Before you accuse me of being some kind of hermit who hates fun (which, okay, fair), let me explain. This isn’t about hating movies themselves. I still love movies. I watch them constantly. I analyze them, write about them, and bore people at work with my opinions about them. What I hate is the modern movie theater experience, which has somehow managed to get progressively worse while simultaneously becoming exponentially more expensive.
Let me break this down for you, starting with the most obvious culprit.

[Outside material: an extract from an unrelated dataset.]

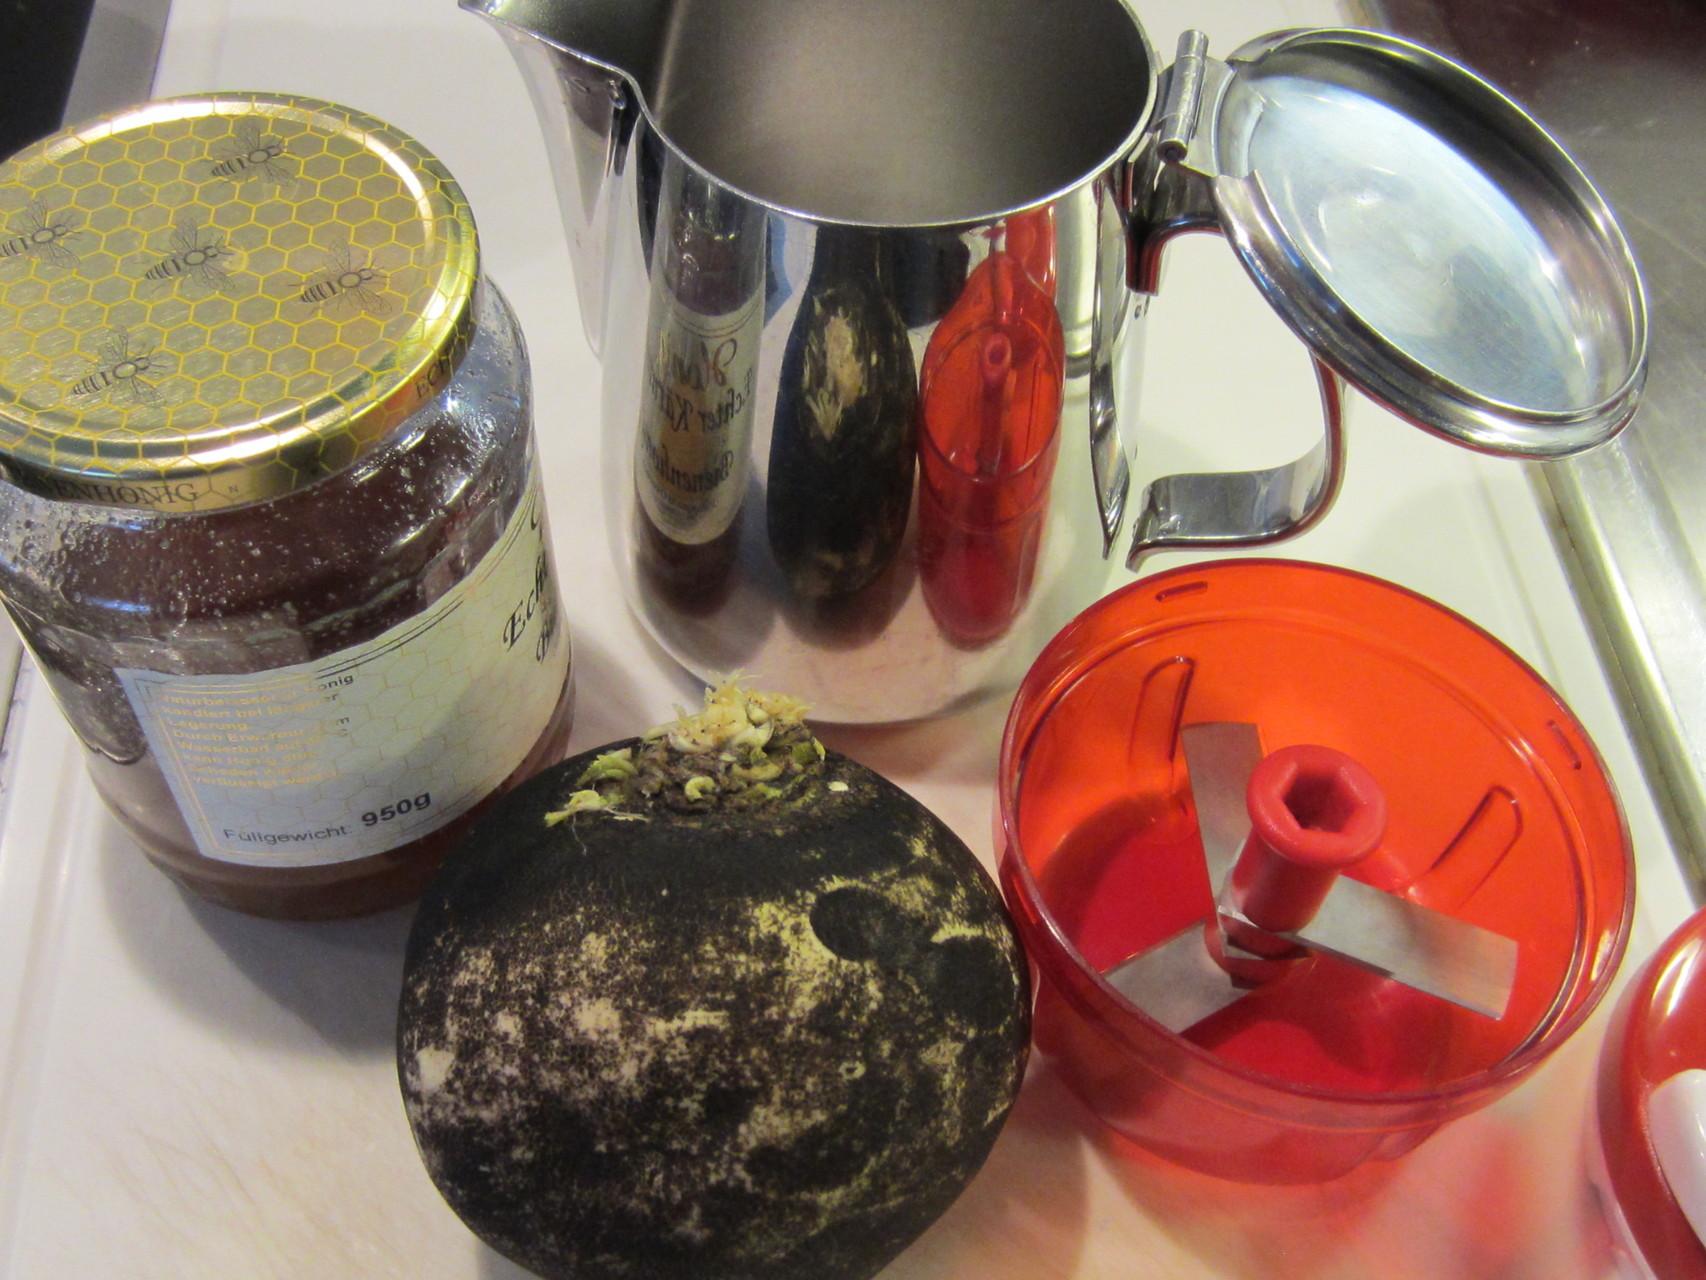 zutaten: rettich, honig, kanne, zerleinerer
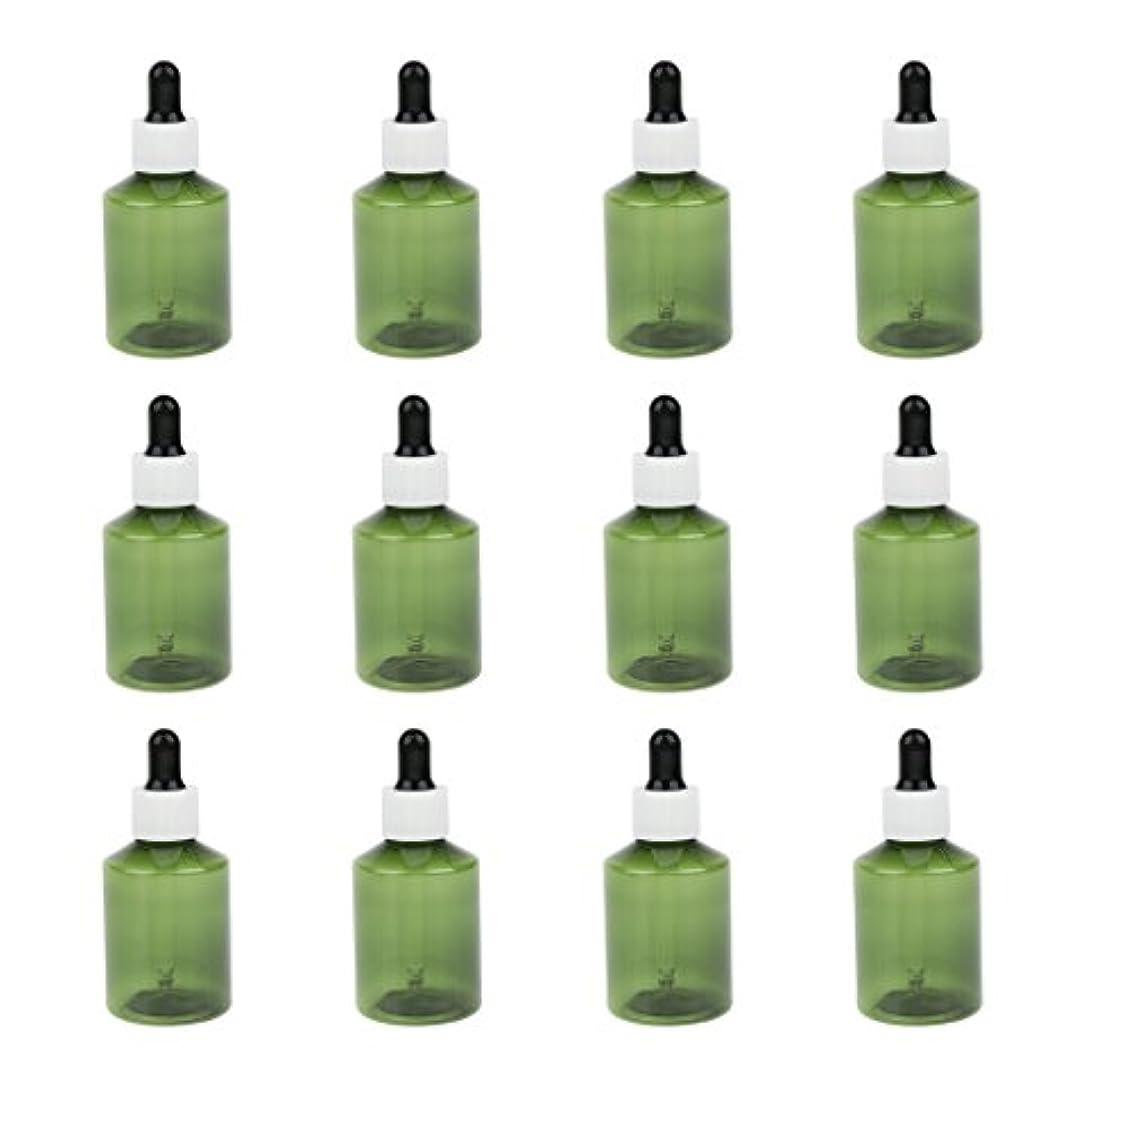 溢れんばかりの肥料材料ドロッパーボトル 詰め替え式 点滴びん 50ml エッセンシャルオイル 精油 6仕様選べ - ホワイトキャップブラックドロッパー

The Highway Robbery of Ticket Prices
Years ago, when MoviePass first became a thing, I was living in Blacksburg, home to this impressive movie theater/bowling alley/restaurant hybrid that made going to the movies feel like an event. I bought into MoviePass immediately and took full, shameless advantage of it. We’re talking daily movie attendance here, folks. Any movie. Any time. Multiple viewings if I felt like it.
This setup made it possible for me to see movies I never would have paid actual money for. Take Geostorm, for instance. Under normal circumstances, would I have shelled out fifteen bucks to watch Gerard Butler save the world from weaponized weather? Absolutely not. But with MoviePass? Sure, why not? It was essentially free, and I had two hours to kill.
The flip side of this coin was discovering gems I might have otherwise skipped. The Post didn’t strike me as something that demanded the big screen experience—it’s a journalism drama, not Top Gun: Maverick. But because MoviePass removed the financial barrier, I saw it in theaters and discovered one of the best films of that year. Without MoviePass, I probably would have missed it entirely, assuming it would eventually show up on cable where I’d forget to watch it.
Then, predictably, MoviePass crashed and burned. I mean, how could it not? The business model was about as sustainable as my New Year’s resolution to give up sarcasm. “Unlimited movies for ten bucks a month” sounds great until you realize that’s less than the cost of a single ticket in most places.
After moving back to Roanoke, I tried Regal Unlimited, which was basically MoviePass but limited to Regal locations. It worked well enough until the pandemic hit, at which point I realized I wasn’t leaving my apartment enough to justify the monthly fee. When I finally canceled that subscription, I was thrust back into the harsh reality of paying full price for movie tickets.
And let me tell you, after years of essentially free movies, paying twenty bucks to sit in a theater feels like being asked to donate a kidney.
The Concession Stand Conspiracy
But wait, it gets worse. Have you been to a theater concession stand lately? It’s like walking into a parallel universe where the laws of economics have been suspended and replaced with pure, unfiltered greed.
Last time I went to the movies—and yes, I’m keeping track because these trauma memories stick with you—I bought a small soda. Ten dollars and fifty cents. For a small. The same size drink at McDonald’s costs a dollar, but apparently, the act of carrying it into a darkened room multiplies its value by ten.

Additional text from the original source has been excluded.